[To do]
Your answer should be the records below, written out exactly.

=======

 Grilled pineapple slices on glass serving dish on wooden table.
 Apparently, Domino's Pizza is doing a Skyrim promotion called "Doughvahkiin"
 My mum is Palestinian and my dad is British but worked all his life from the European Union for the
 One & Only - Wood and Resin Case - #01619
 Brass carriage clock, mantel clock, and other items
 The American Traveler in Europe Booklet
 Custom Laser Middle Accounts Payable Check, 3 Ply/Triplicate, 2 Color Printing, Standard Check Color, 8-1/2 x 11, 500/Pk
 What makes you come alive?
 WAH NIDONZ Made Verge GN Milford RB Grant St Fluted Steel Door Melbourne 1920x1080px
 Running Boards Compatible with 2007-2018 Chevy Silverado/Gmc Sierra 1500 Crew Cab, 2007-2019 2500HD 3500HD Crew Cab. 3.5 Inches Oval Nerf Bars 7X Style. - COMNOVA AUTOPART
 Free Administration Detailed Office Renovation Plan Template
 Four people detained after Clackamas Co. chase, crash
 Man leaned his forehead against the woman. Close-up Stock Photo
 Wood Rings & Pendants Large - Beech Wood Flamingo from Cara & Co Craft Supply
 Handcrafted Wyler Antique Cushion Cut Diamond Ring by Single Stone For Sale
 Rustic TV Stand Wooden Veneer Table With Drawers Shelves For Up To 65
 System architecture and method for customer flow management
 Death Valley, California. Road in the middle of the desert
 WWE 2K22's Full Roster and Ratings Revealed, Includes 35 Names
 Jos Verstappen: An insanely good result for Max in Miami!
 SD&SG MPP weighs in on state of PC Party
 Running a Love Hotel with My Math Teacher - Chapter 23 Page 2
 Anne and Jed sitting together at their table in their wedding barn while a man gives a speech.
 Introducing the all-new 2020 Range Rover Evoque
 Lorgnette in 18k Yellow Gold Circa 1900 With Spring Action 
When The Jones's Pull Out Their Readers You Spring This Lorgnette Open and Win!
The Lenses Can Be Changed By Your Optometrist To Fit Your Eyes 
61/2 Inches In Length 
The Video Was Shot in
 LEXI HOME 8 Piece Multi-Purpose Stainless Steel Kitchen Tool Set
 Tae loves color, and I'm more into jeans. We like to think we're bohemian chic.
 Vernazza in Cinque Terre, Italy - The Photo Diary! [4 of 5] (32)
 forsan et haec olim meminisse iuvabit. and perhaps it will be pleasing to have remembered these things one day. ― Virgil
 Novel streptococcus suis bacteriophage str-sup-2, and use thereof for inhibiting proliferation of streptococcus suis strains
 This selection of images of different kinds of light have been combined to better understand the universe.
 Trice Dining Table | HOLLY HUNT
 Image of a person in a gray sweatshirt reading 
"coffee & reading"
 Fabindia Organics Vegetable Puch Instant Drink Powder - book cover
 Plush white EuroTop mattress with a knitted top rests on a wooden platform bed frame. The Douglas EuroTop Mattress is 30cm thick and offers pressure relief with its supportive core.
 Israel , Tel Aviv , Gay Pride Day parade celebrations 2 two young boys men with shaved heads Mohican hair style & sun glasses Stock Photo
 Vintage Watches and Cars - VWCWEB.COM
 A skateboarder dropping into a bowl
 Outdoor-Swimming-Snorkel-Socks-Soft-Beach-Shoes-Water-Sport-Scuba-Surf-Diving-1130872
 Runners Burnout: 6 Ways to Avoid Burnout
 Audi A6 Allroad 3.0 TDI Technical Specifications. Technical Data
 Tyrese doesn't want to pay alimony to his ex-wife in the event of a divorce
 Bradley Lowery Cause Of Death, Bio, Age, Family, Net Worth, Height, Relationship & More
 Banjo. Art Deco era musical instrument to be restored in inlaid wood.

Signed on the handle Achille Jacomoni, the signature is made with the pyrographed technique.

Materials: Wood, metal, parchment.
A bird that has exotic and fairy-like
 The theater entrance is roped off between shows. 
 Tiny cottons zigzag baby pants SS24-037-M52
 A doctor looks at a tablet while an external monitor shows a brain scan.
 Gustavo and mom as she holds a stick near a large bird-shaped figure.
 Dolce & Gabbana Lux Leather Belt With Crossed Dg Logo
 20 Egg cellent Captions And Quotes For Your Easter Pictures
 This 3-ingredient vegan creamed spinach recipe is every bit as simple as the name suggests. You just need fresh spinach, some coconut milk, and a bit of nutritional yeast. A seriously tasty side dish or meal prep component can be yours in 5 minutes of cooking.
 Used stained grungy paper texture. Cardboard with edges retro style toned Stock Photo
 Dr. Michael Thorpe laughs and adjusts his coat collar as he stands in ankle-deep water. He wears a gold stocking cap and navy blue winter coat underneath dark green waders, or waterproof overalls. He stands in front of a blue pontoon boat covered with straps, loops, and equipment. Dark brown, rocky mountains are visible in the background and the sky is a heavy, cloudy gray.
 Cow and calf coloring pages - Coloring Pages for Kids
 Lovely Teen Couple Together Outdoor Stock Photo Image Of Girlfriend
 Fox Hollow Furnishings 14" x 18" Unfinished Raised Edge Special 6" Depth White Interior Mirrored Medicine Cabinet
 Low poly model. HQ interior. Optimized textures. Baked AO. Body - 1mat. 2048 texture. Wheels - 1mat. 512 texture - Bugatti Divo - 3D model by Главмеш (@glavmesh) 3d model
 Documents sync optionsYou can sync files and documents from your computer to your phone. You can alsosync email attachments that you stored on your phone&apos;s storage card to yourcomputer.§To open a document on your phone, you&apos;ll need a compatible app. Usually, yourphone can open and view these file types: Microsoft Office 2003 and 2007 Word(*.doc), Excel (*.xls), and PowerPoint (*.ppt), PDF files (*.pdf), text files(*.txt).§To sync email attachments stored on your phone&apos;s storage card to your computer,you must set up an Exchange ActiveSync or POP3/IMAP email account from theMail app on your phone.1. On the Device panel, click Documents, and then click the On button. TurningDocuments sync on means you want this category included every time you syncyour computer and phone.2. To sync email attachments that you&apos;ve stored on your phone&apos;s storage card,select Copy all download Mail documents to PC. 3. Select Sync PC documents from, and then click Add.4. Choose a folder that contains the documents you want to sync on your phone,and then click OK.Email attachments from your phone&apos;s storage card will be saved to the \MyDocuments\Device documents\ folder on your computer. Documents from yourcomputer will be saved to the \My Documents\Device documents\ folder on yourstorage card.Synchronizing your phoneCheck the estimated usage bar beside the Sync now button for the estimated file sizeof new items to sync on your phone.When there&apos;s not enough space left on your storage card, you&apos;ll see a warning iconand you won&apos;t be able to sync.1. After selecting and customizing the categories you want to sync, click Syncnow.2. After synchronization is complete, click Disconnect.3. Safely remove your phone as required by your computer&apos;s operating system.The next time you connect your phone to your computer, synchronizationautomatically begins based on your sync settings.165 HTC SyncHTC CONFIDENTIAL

=======

[Solution to this exercise]
 Grilled pineapple slices on glass serving dish on wooden table.
 Apparently, Domino's Pizza is doing a Skyrim promotion called "Doughvahkiin"
 My mum is Palestinian and my dad is British but worked all his life from the European Union for the
 One & Only - Wood and Resin Case - #01619
 Brass carriage clock, mantel clock, and other items
 The American Traveler in Europe Booklet
 Custom Laser Middle Accounts Payable Check, 3 Ply/Triplicate, 2 Color Printing, Standard Check Color, 8-1/2 x 11, 500/Pk
 What makes you come alive?
 WAH NIDONZ Made Verge GN Milford RB Grant St Fluted Steel Door Melbourne 1920x1080px
 Running Boards Compatible with 2007-2018 Chevy Silverado/Gmc Sierra 1500 Crew Cab, 2007-2019 2500HD 3500HD Crew Cab. 3.5 Inches Oval Nerf Bars 7X Style. - COMNOVA AUTOPART
 Free Administration Detailed Office Renovation Plan Template
 Four people detained after Clackamas Co. chase, crash
 Man leaned his forehead against the woman. Close-up Stock Photo
 Wood Rings & Pendants Large - Beech Wood Flamingo from Cara & Co Craft Supply
 Handcrafted Wyler Antique Cushion Cut Diamond Ring by Single Stone For Sale
 Rustic TV Stand Wooden Veneer Table With Drawers Shelves For Up To 65
 System architecture and method for customer flow management
 Death Valley, California. Road in the middle of the desert
 WWE 2K22's Full Roster and Ratings Revealed, Includes 35 Names
 Jos Verstappen: An insanely good result for Max in Miami!
 SD&SG MPP weighs in on state of PC Party
 Running a Love Hotel with My Math Teacher - Chapter 23 Page 2
 Anne and Jed sitting together at their table in their wedding barn while a man gives a speech.
 Introducing the all-new 2020 Range Rover Evoque
 Lorgnette in 18k Yellow Gold Circa 1900 With Spring Action 
When The Jones's Pull Out Their Readers You Spring This Lorgnette Open and Win!
The Lenses Can Be Changed By Your Optometrist To Fit Your Eyes 
61/2 Inches In Length 
The Video Was Shot in
 LEXI HOME 8 Piece Multi-Purpose Stainless Steel Kitchen Tool Set
 Tae loves color, and I'm more into jeans. We like to think we're bohemian chic.
 Vernazza in Cinque Terre, Italy - The Photo Diary! [4 of 5] (32)
 forsan et haec olim meminisse iuvabit. and perhaps it will be pleasing to have remembered these things one day. ― Virgil
 Novel streptococcus suis bacteriophage str-sup-2, and use thereof for inhibiting proliferation of streptococcus suis strains
 This selection of images of different kinds of light have been combined to better understand the universe.
 Trice Dining Table | HOLLY HUNT
 Image of a person in a gray sweatshirt reading 
"coffee & reading"
 Fabindia Organics Vegetable Puch Instant Drink Powder - book cover
 Plush white EuroTop mattress with a knitted top rests on a wooden platform bed frame. The Douglas EuroTop Mattress is 30cm thick and offers pressure relief with its supportive core.
 Israel , Tel Aviv , Gay Pride Day parade celebrations 2 two young boys men with shaved heads Mohican hair style & sun glasses Stock Photo
 Vintage Watches and Cars - VWCWEB.COM
 A skateboarder dropping into a bowl
 Outdoor-Swimming-Snorkel-Socks-Soft-Beach-Shoes-Water-Sport-Scuba-Surf-Diving-1130872
 Runners Burnout: 6 Ways to Avoid Burnout
 Audi A6 Allroad 3.0 TDI Technical Specifications. Technical Data
 Tyrese doesn't want to pay alimony to his ex-wife in the event of a divorce
 Bradley Lowery Cause Of Death, Bio, Age, Family, Net Worth, Height, Relationship & More
 Banjo. Art Deco era musical instrument to be restored in inlaid wood.

Signed on the handle Achille Jacomoni, the signature is made with the pyrographed technique.

Materials: Wood, metal, parchment.
A bird that has exotic and fairy-like
 The theater entrance is roped off between shows. 
 Tiny cottons zigzag baby pants SS24-037-M52
 A doctor looks at a tablet while an external monitor shows a brain scan.
 Gustavo and mom as she holds a stick near a large bird-shaped figure.
 Dolce & Gabbana Lux Leather Belt With Crossed Dg Logo
 20 Egg cellent Captions And Quotes For Your Easter Pictures
 This 3-ingredient vegan creamed spinach recipe is every bit as simple as the name suggests. You just need fresh spinach, some coconut milk, and a bit of nutritional yeast. A seriously tasty side dish or meal prep component can be yours in 5 minutes of cooking.
 Used stained grungy paper texture. Cardboard with edges retro style toned Stock Photo
 Dr. Michael Thorpe laughs and adjusts his coat collar as he stands in ankle-deep water. He wears a gold stocking cap and navy blue winter coat underneath dark green waders, or waterproof overalls. He stands in front of a blue pontoon boat covered with straps, loops, and equipment. Dark brown, rocky mountains are visible in the background and the sky is a heavy, cloudy gray.
 Cow and calf coloring pages - Coloring Pages for Kids
 Lovely Teen Couple Together Outdoor Stock Photo Image Of Girlfriend
 Fox Hollow Furnishings 14" x 18" Unfinished Raised Edge Special 6" Depth White Interior Mirrored Medicine Cabinet
 Low poly model. HQ interior. Optimized textures. Baked AO. Body - 1mat. 2048 texture. Wheels - 1mat. 512 texture - Bugatti Divo - 3D model by Главмеш (@glavmesh) 3d model
 Documents sync optionsYou can sync files and documents from your computer to your phone. You can alsosync email attachments that you stored on your phone&apos;s storage card to yourcomputer.§To open a document on your phone, you&apos;ll need a compatible app. Usually, yourphone can open and view these file types: Microsoft Office 2003 and 2007 Word(*.doc), Excel (*.xls), and PowerPoint (*.ppt), PDF files (*.pdf), text files(*.txt).§To sync email attachments stored on your phone&apos;s storage card to your computer,you must set up an Exchange ActiveSync or POP3/IMAP email account from theMail app on your phone.1. On the Device panel, click Documents, and then click the On button. TurningDocuments sync on means you want this category included every time you syncyour computer and phone.2. To sync email attachments that you&apos;ve stored on your phone&apos;s storage card,select Copy all download Mail documents to PC. 3. Select Sync PC documents from, and then click Add.4. Choose a folder that contains the documents you want to sync on your phone,and then click OK.Email attachments from your phone&apos;s storage card will be saved to the \MyDocuments\Device documents\ folder on your computer. Documents from yourcomputer will be saved to the \My Documents\Device documents\ folder on yourstorage card.Synchronizing your phoneCheck the estimated usage bar beside the Sync now button for the estimated file sizeof new items to sync on your phone.When there&apos;s not enough space left on your storage card, you&apos;ll see a warning iconand you won&apos;t be able to sync.1. After selecting and customizing the categories you want to sync, click Syncnow.2. After synchronization is complete, click Disconnect.3. Safely remove your phone as required by your computer&apos;s operating system.The next time you connect your phone to your computer, synchronizationautomatically begins based on your sync settings.165 HTC SyncHTC CONFIDENTIAL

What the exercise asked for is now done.